Thread overview
Pasting illegal character causes segmentation fault
Dec 25, 2009
Mitja
Dec 25, 2009
Frank Benoit
Dec 25, 2009
Mitja
Dec 25, 2009
Frank Benoit
Dec 26, 2009
Mitja
Dec 26, 2009
Frank Benoit
December 25, 2009
When I paste illegal character (looks like rectangle) in Text widget,
application exits with segmentation fault. I cannot catch bad character with Verify Listener, because it's already too late. Is there any other way to detect it?

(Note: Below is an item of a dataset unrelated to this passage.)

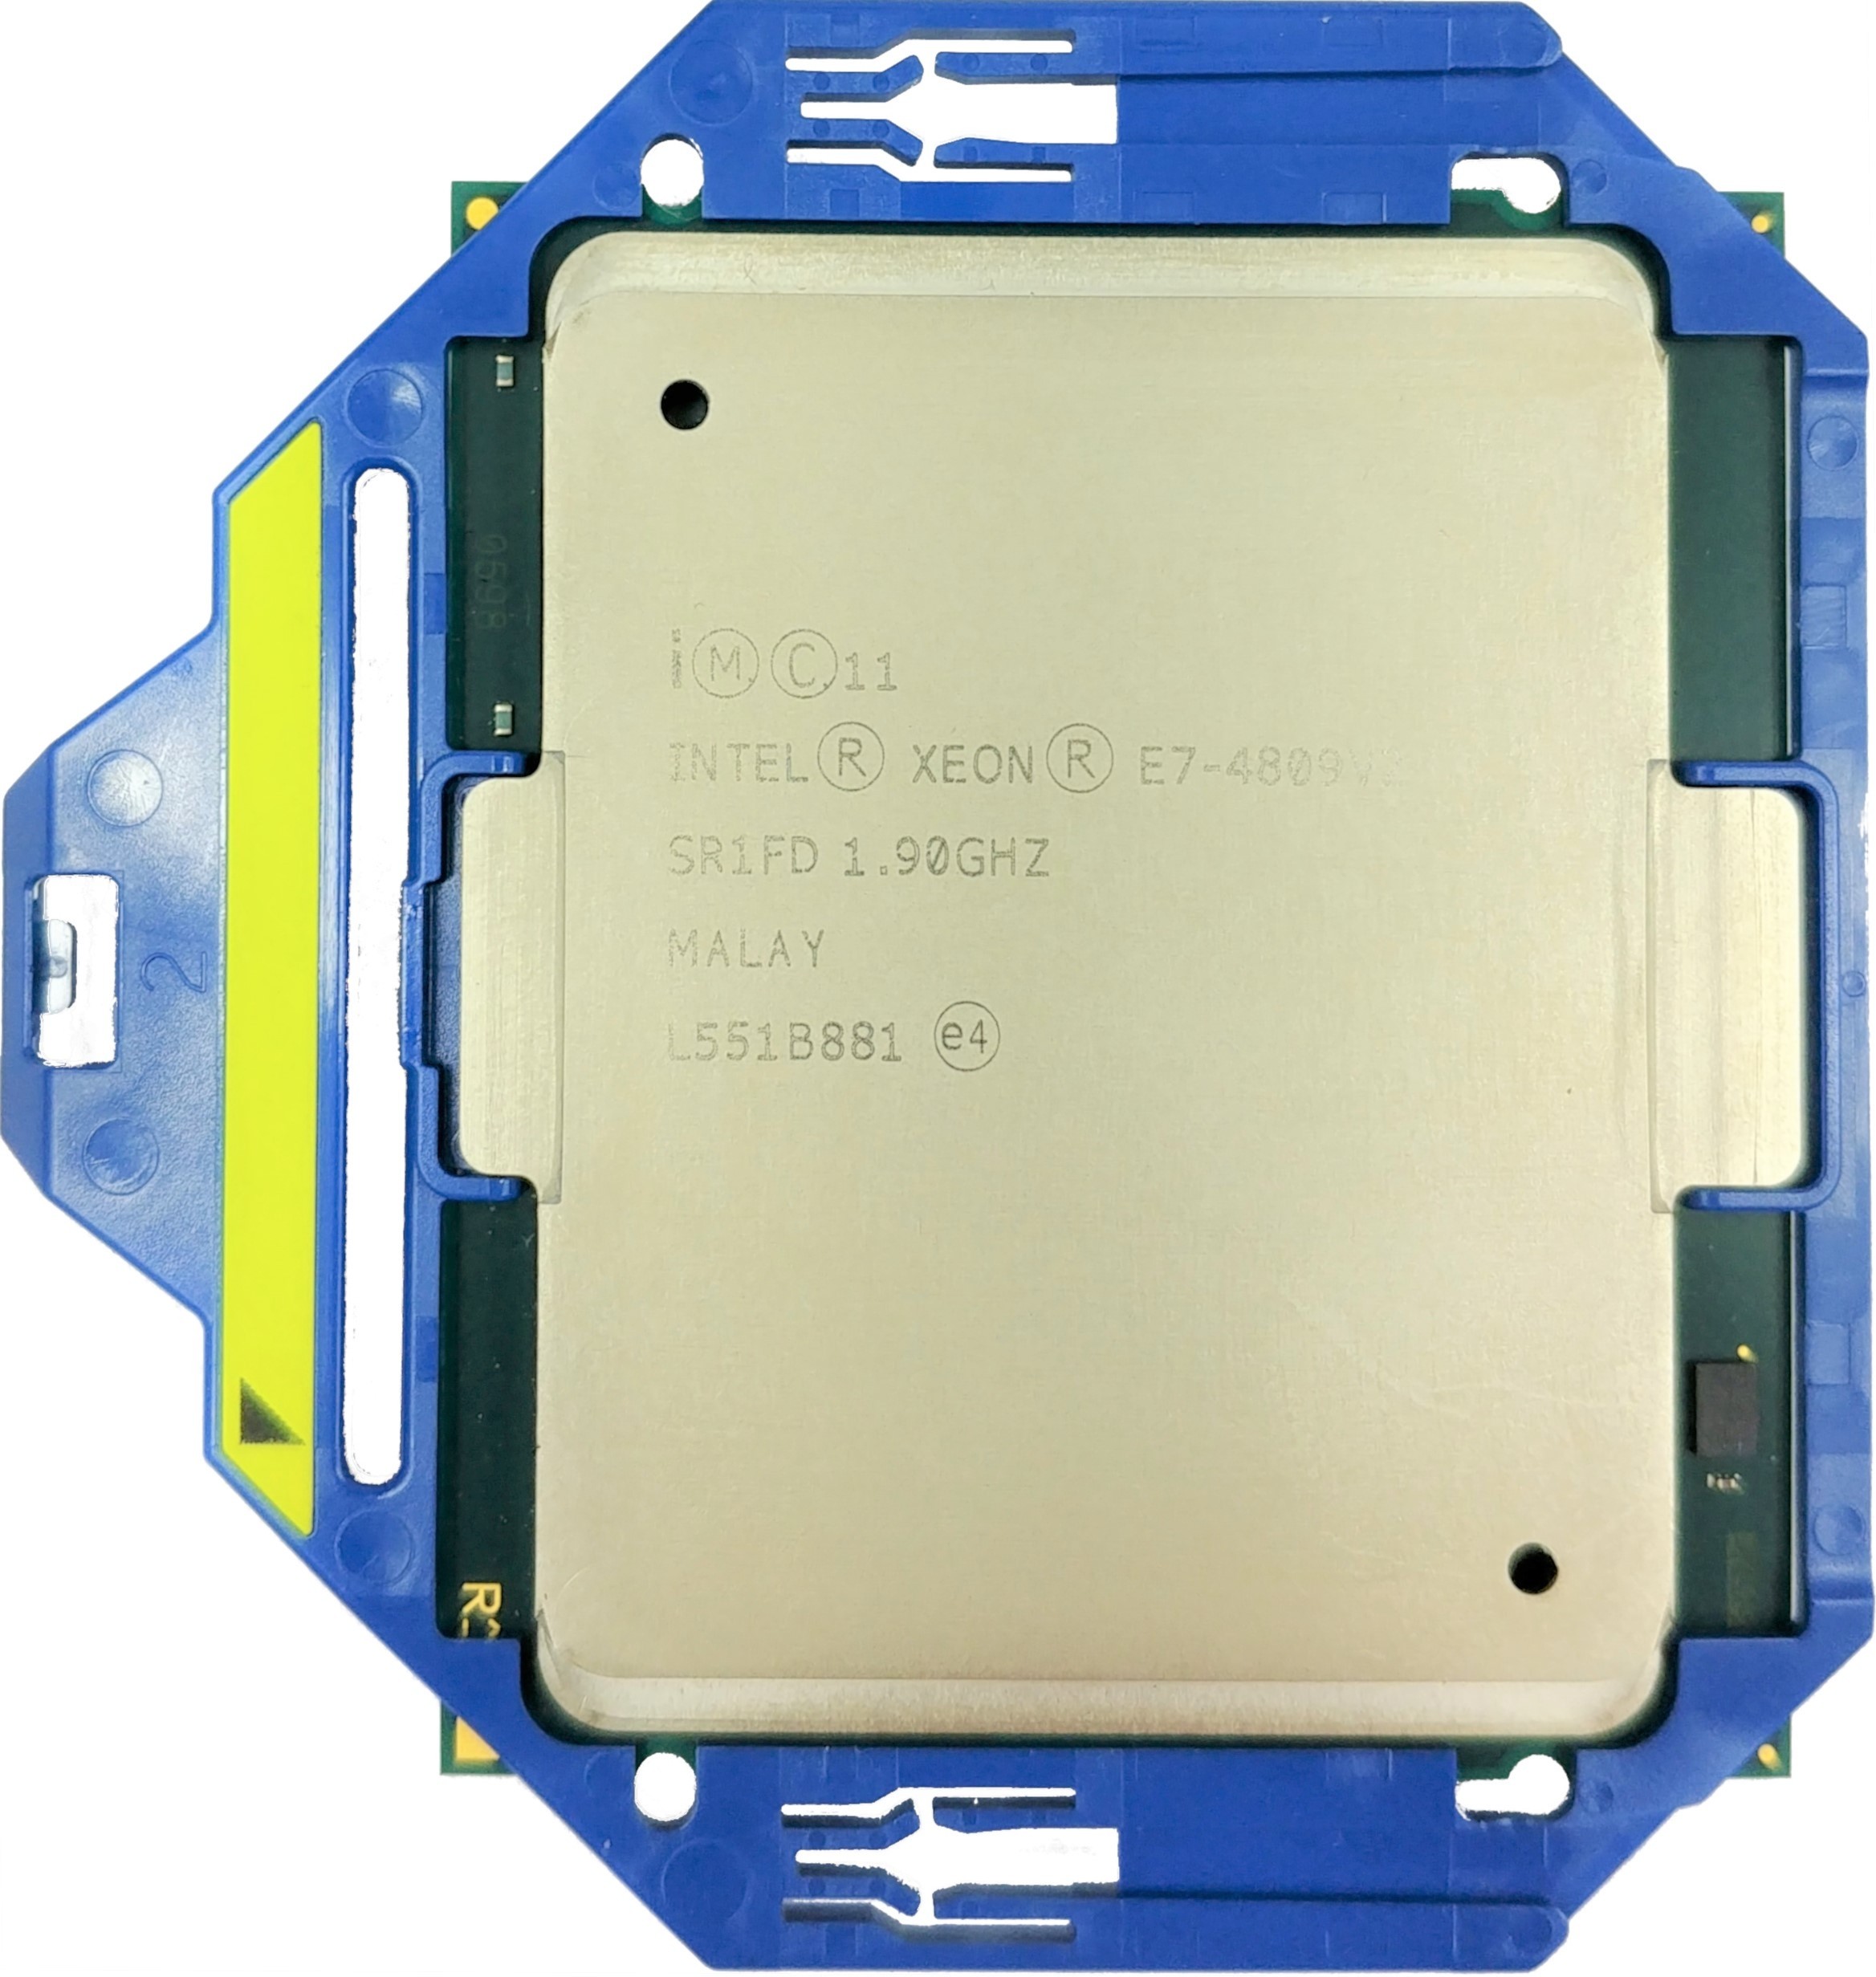 Intel Xeon E7-4809 V2 (SR1FD) 6-Core 1.90GHz LGA2011-1 12MB 105W CPU Processor

Platform is Debian 5.0.3 (lenny), DMD v1.033.
December 25, 2009
Am 25.12.2009 13:22, schrieb Mitja:
> When I paste illegal character (looks like rectangle) in Text widget,
> application exits with segmentation fault. I cannot catch bad character with Verify Listener, because it's already too late. Is there any other way to detect it?
> 
> Platform is Debian 5.0.3 (lenny), DMD v1.033.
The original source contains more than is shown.